The Unionist Free Food League was a British pressure group formed on 13 July 1903 by Conservative and Liberal Unionist politicians who believed in free trade and who wished to campaign against Joseph Chamberlain's proposals for Tariff Reform, which would involve an import tax on food. About 40 Conservative and 20 Liberal Unionist MPs attended the initial meeting. The former Unionist Chancellor of the Exchequer, Sir Michael Hicks Beach, became president of the group. He was replaced in October 1903 by the Liberal Unionist party leader, the Duke of Devonshire.

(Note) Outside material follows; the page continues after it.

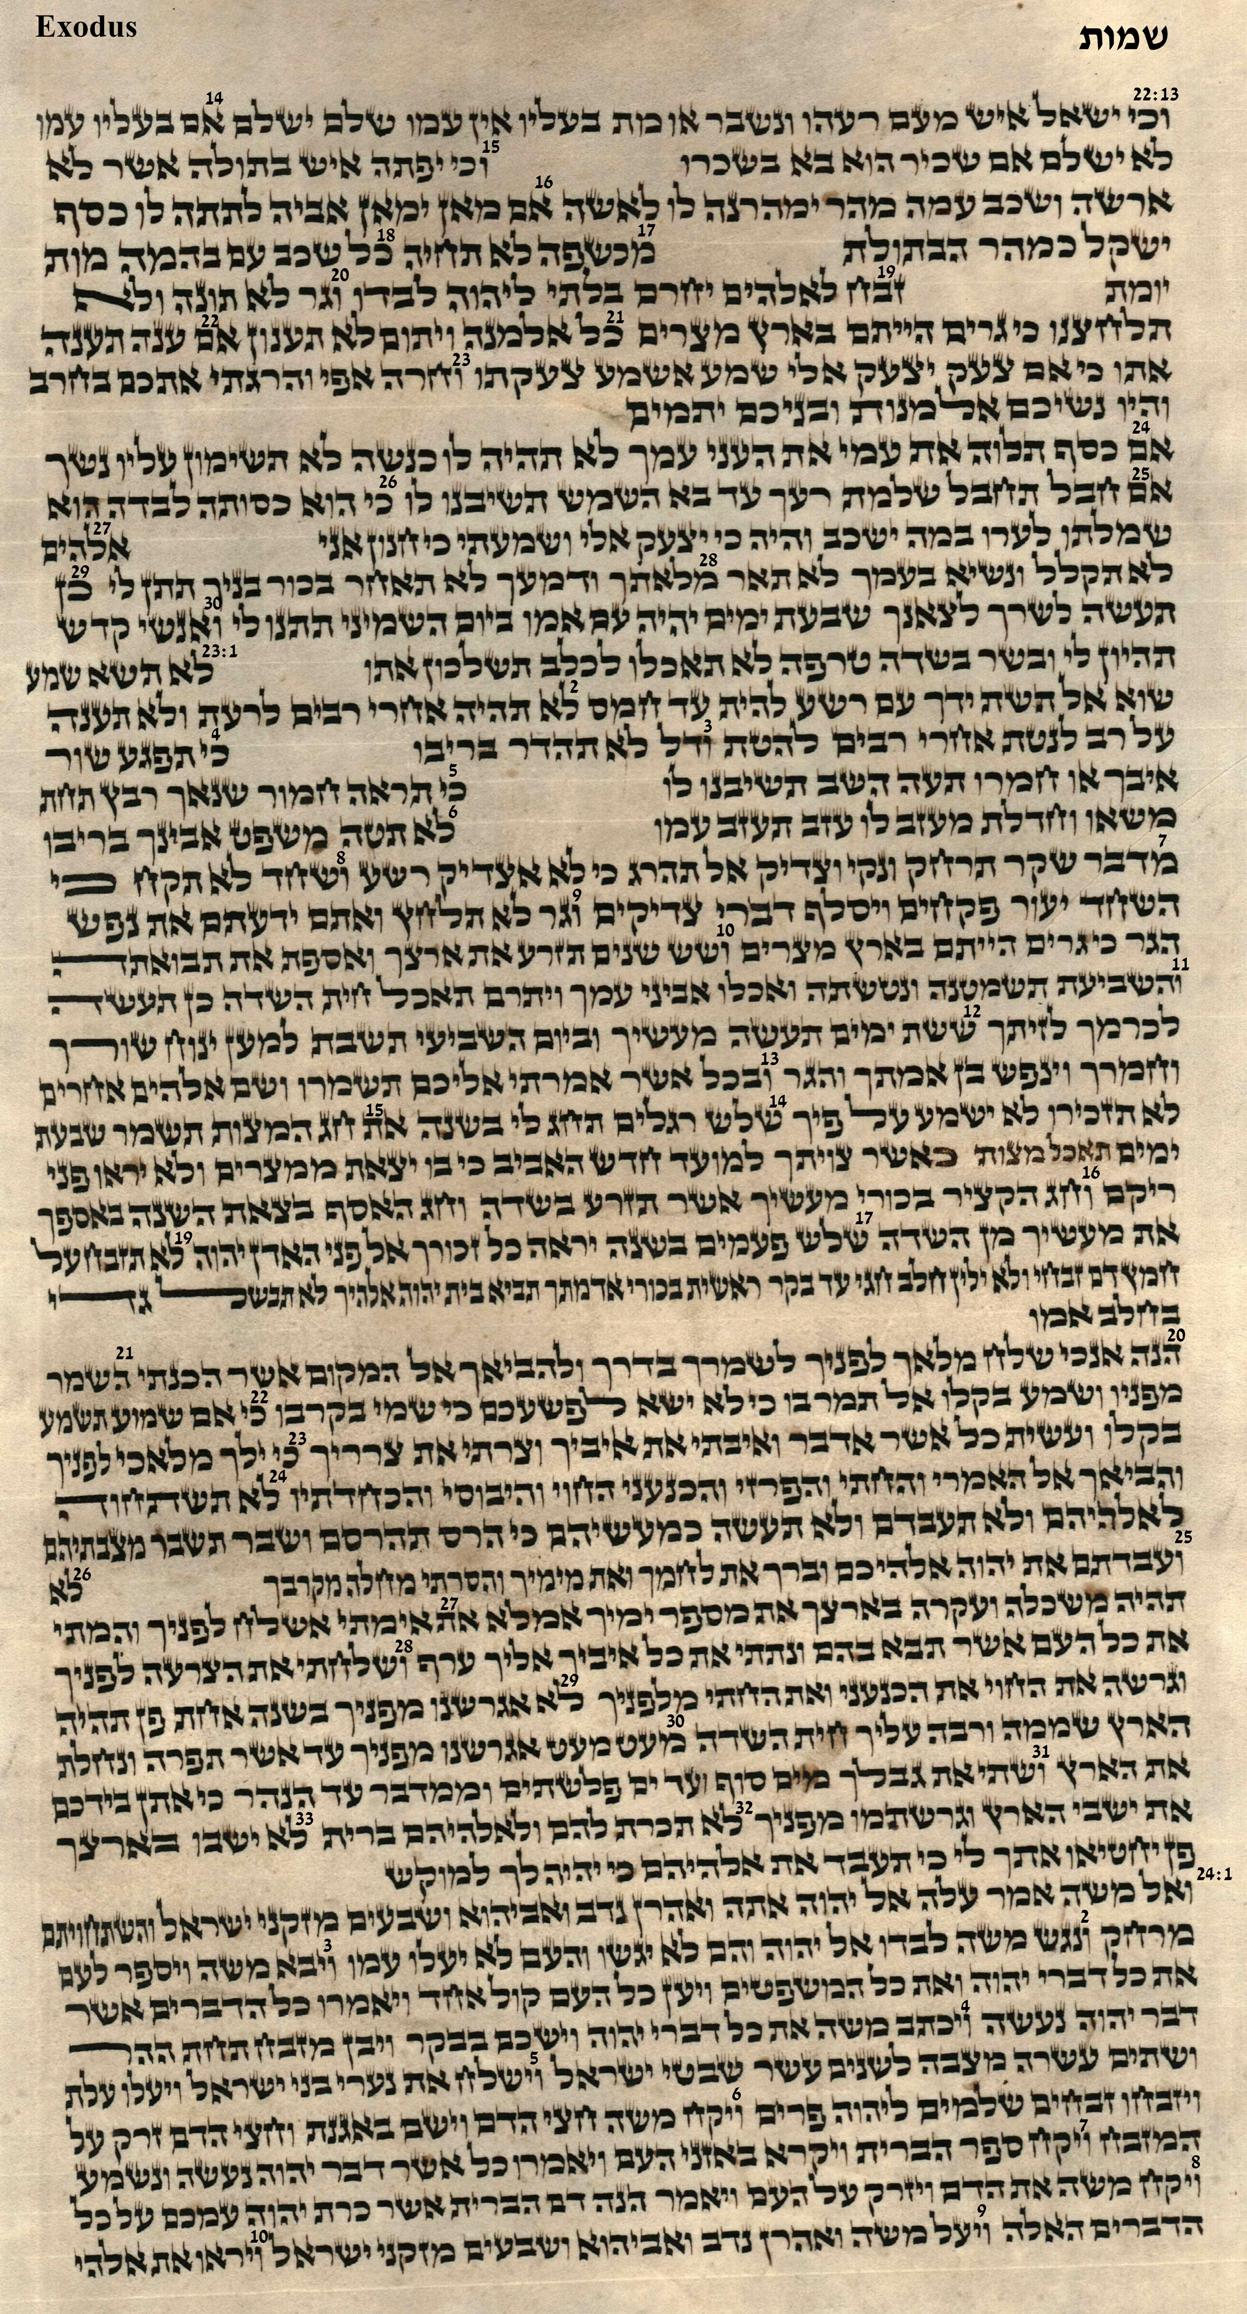 Exodus 22.13 - 24.10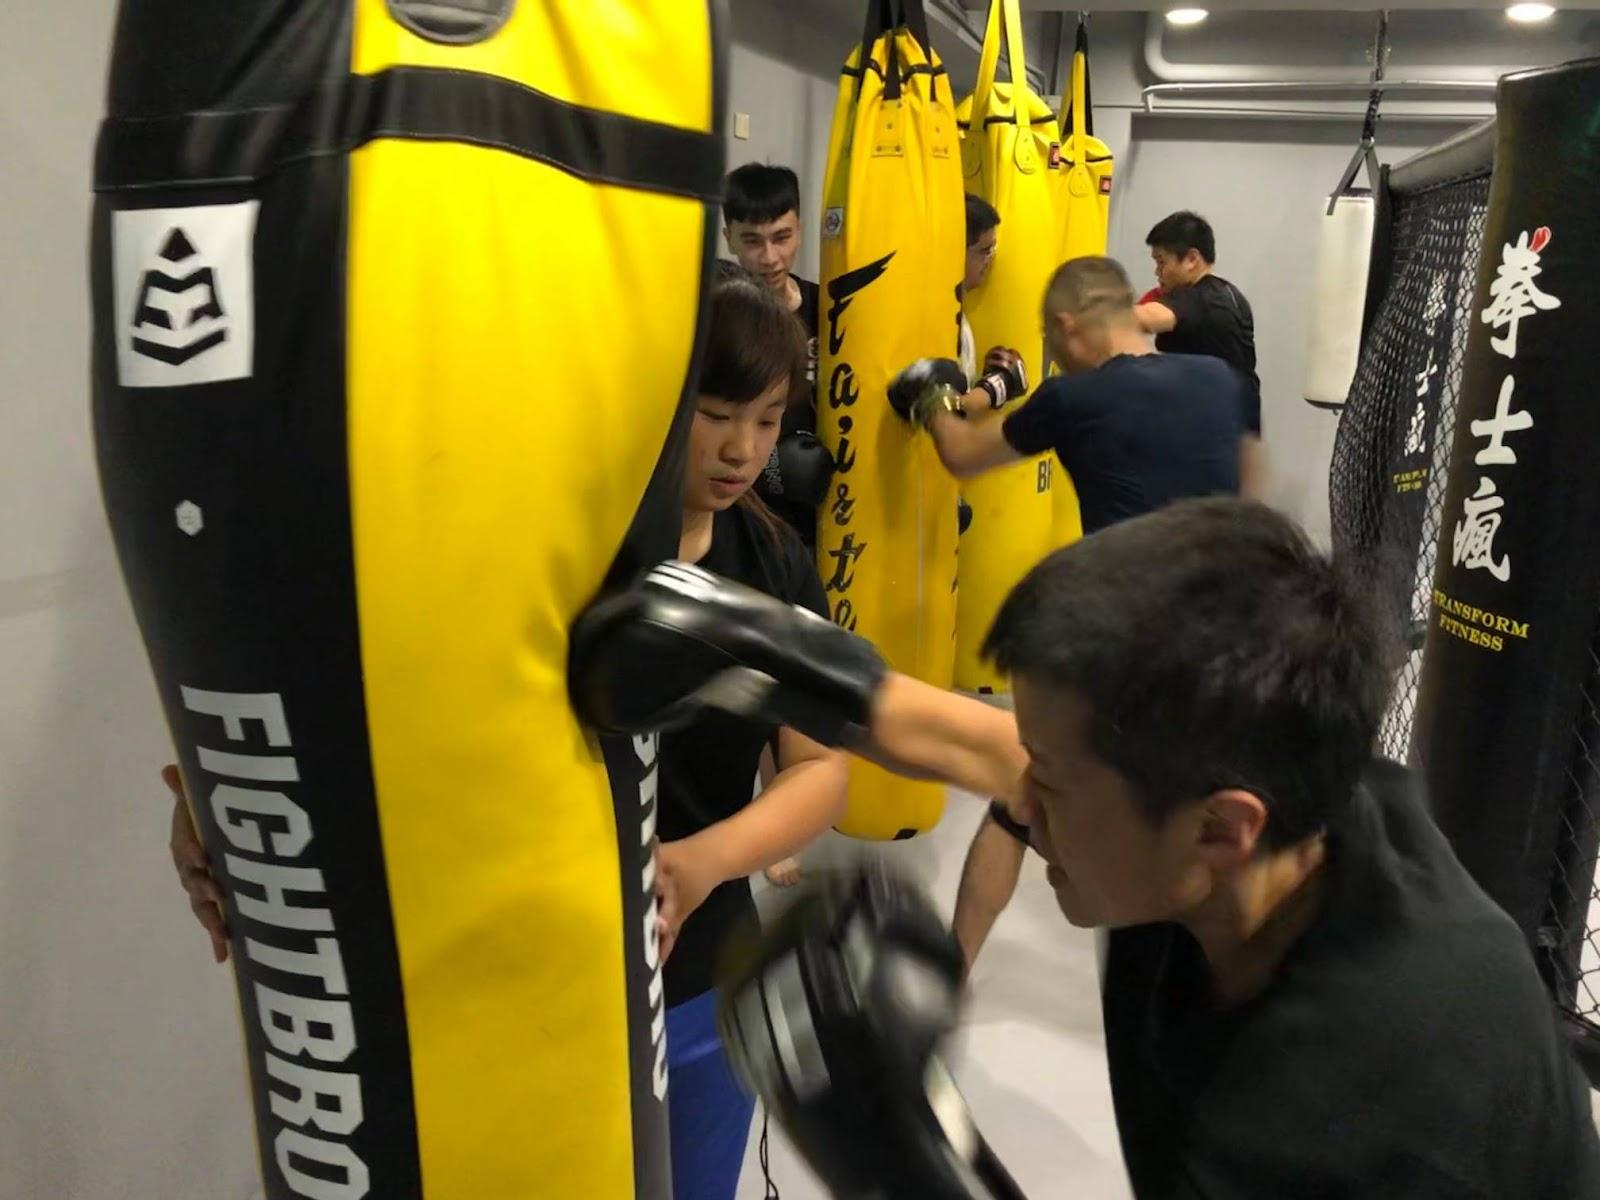 台中西屯區的拳士瘋拳擊健身房,超多沙包讓你一次打過癮,盡情發洩。

Members included George Goschen, Hugh Cecil, Robert Cecil and Winston Churchill. Some, like Churchill, later defected to the Liberal Party. The Free Food League changed its name to the Unionist Free Trade Club in 1905.

Whereas Chamberlain's Tariff Reform League was a grass-roots organisation which had captured 300 Unionist constituency associations by 1906, the Unionist Free Trade Club was little more than a parliamentary group and so was much less effective. Unionist Free Traders were also unable to persuade any newspapers to support them, with only the Conservative weekly magazine The Spectator supported their cause.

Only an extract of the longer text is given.